Yes, CFLs contain mercury. So do laptop computers, TVs, telephones, and tuna fish sandwiches.
On average, CFLs contain 4 milligrams of mercury each (that amount would almost cover the tip of a ballpoint pen). LCD projector TVs, by comparison, contain 500-100 milligrams of mercury. One bite of albacore tuna contains more mercury than a CFL.
Many people think about mercury emissions in a very simplistic manner. (Sure, the mercury in a CFL may be a trace amount, but incandescent light bulbs don’t contain any – which makes incandescent light bulbs better for the environment, right?)

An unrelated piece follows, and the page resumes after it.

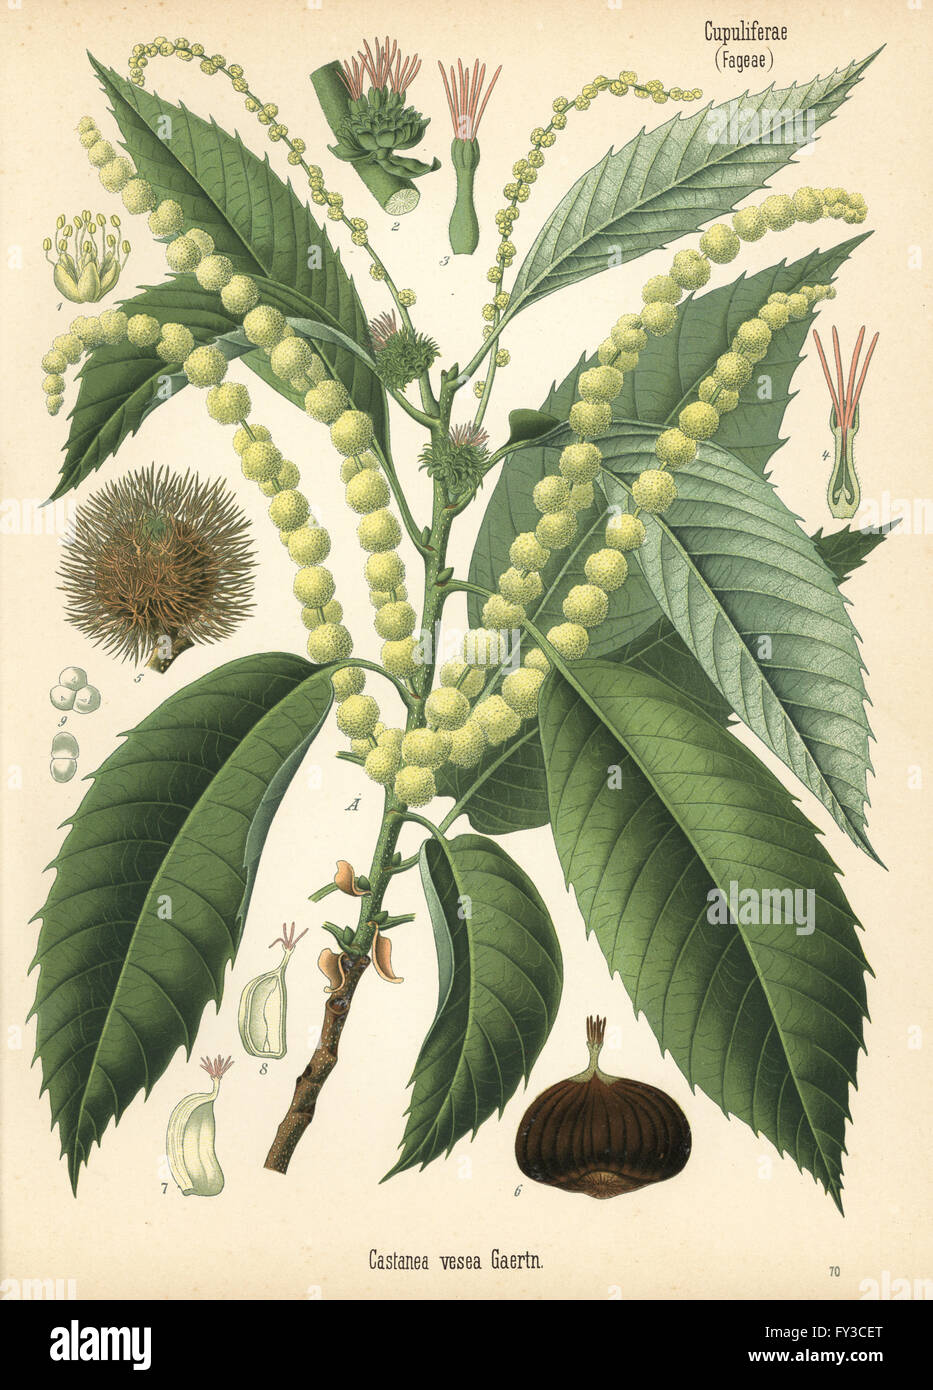 Sweet chestnut, Castanea sativa (Castanea vesea). Chromolithograph after a botanical illustration from Hermann Adolph Koehler's Medicinal Plants, edited by Gustav Pabst, Koehler, Germany, 1887. Stock Photo

Wrong. The main source of mercury emissions in the U.S. is from coal-fired power plants. They send mercury into the air as pollution. Since CFLs use significantly less energy than incandescents, they actually help decrease mercury emissions in the end. To produce the electricity required for an incandescent light bulb, a coal-fired power plant has to emit 13.6 milligrams of mercury. For a CFL, that emission drops to 3.3 milligrams.
It’s still very important to recycle CFLs for the sake of waste management workers. Those trace amounts have the potential to build up for workers who collect trash from hundreds of houses per day.
However, if you’re questioning the safety of installing a CFL in your home and wondering whether the mercury content is harmful for the environment, just think about a bite of tuna.
2 thoughts to “The Truth About CFLs and Mercury”
As this blog post states, CFLs are a better solution, both economically and environmentally, than incandescent bulbs, which ultimately result in greater mercury exposure than CFLs, because they consume more power and require more power generation. Since mercury is a byproduct of burning coal, coal-fired power plants are a larger source of mercury pollution than the mercury content in the CFLs. Although CFLs do contain a small amount of mercury, with a proven packaging configuration and proper disposal, CFLs can be used effectively without releasing harmful mercury vapor.
While a variety of containers are marketed for transportation of fluorescent lamps and CFLs, many don’t provide sufficient protection against mercury vapor emitted from broken lamps. Using a proven packaging design is vital to ensuring the safety of people who handle these lamps, as well as maintaining their green benefits. Read about a recent study that tested several packaging configurations here: http://vaporlok.blogspot.com/2010/05/layers-of-protection-packaging-used.html If a bulb breaks, consumers can learn more about clean-up procedures here: http://www.epa.gov/cfl/cflcleanup-detailed.html
CFL mercury is a much bigger problem,
than any incandescent related coal power plant mercury release
The coal plant argument keeps doing the rounds,
but USA EPA administration themselves are not now pursuing that
argument (whatever about old diagrams floating around), following the
90% mercury emission reduction mandate under Lisa Jackson.
It never was true anyway, for the extensive referenced reasons here:
(Of course, to the user, a broken bulb in the home is a likely greater worry than a distant chimney emission release anyway, again with reference to EPA in their clean-up mandates, even if they err on the side of caution, on legal grounds if nothing else 🙂 )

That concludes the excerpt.